Nam Chung-II Hydropower Project of Cambodia is 1,000 MW and worth 125 billion dollars. They changed their law accordingly to introduce non-recourse financing system and developed the project through foreign investors.
Same has been the formula of Laos that is developing big hydro projects of late.
We also have to learn from Bhutan which has provided safe playing ground for foreign investors, especially from India and has been exporting energy to India making millions of dollars worth revenue annually.
If this issue is critical, why have investors like Sutlej and GMR already signed power development agreement (PDA) with the government?
For more than a decade, these Indian companies seem to be very sluggish about project development. They are now in the stage of financial closure and this is the time they must be facing some issues in finding lenders.
The CWE Investment from China which is willing to build 750 MW West Seti Hydro Project has been seeking guarantee from the Nepal Electricity Authority (NEA) to buy the energy generated from the project to which NEA is apathetic. This is where the project has remained stalled. The Chinese company in fact is conscious about the barriers that it is going to face in the future if it begins to develop the project without addressing these issues.

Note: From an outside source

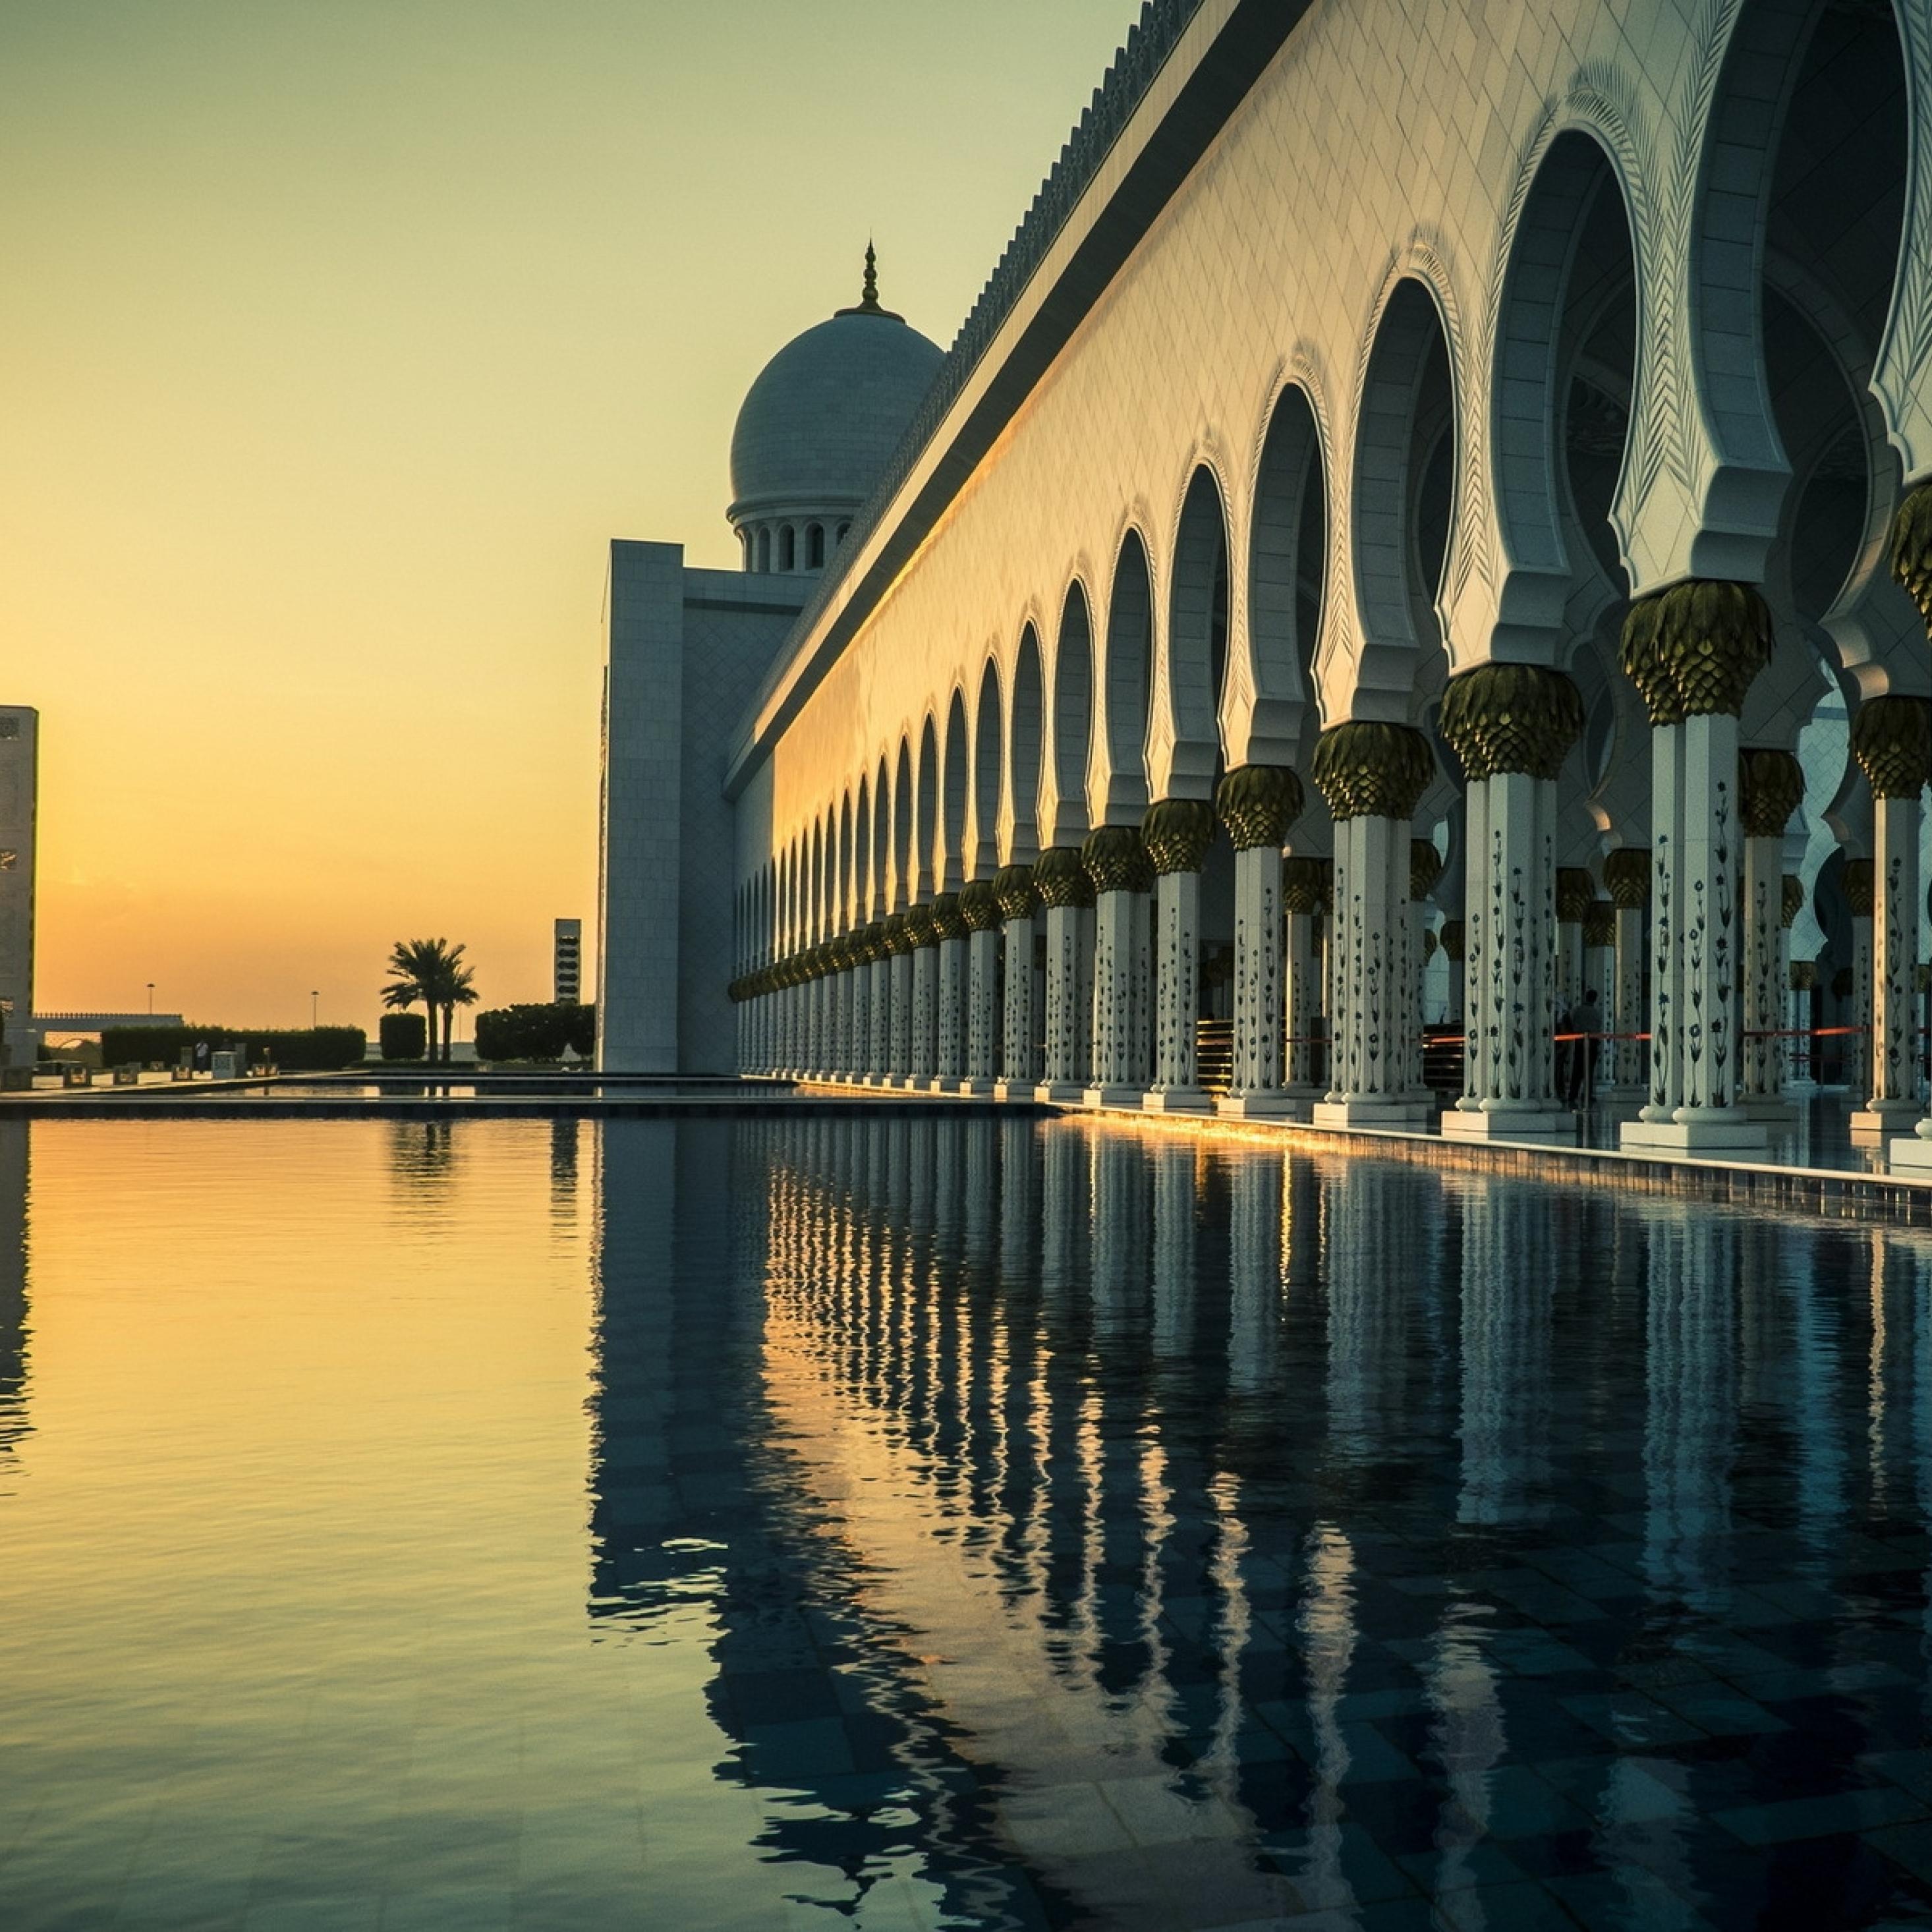 2932x2932 Dubai, Water, Beautiful Ipad Pro Retina Display

This is a critical issue that has yet to come to the forefront because there have not been extensive foreign projects yet.
What about investments through international development partners like the World Bank, Asian Development Bank (ADB) and International Finance Corporation (IFC)?
There is a difference between the investment brought in by these development partners and the investment done by the private sector foreign investors. These partners directly seal agreement with the government which is the greatest and strongest assurance for not having their investments in peril. The current laws and policies that we discussed do not pertain them because these are the bilateral agencies and have special relationship with the Nepal government. But I am specifically talking about private sector projects that are provided with licence by the Nepal government, yet for all other issues investors are responsible. What I am saying is that these laws have turned into roadblocks for investors and must be taken into serious consideration immediately.
There is a trend of FDI inflow into Nepal from the tax heaven nations. There are also discussions underway to prevent such investments. What are your thoughts?
The government should be clear on this. For me, if the shell companies are intending to bring in their investments here in Nepal to evade tax in the countries they are based in or to convert black money into white, they should not be allowed to enter Nepal. But as long as their intention is good and the investment promotes economic development here, I don‘t think we should feel any unease.
When it comes to FDI, there had also been some discussions seeking Nepali investors to take their investment abroad. Do you think they should be allowed to open up their business overseas?
See, since we received membership of World Trade Organisation (WTO) and similar other global organisations, voices are there that the world should be treated as an open global market and that investors are to be left free to take their investments wherever to choose to. But it‘s not the case in Nepal as government has prohibited outflow of investment. For me this ban from the government should change. What I think is the law should not ban outflow of investment rather we have to have better investment atmosphere where local investors flourish their business here. Nobody then would be interested to taking investment overseas.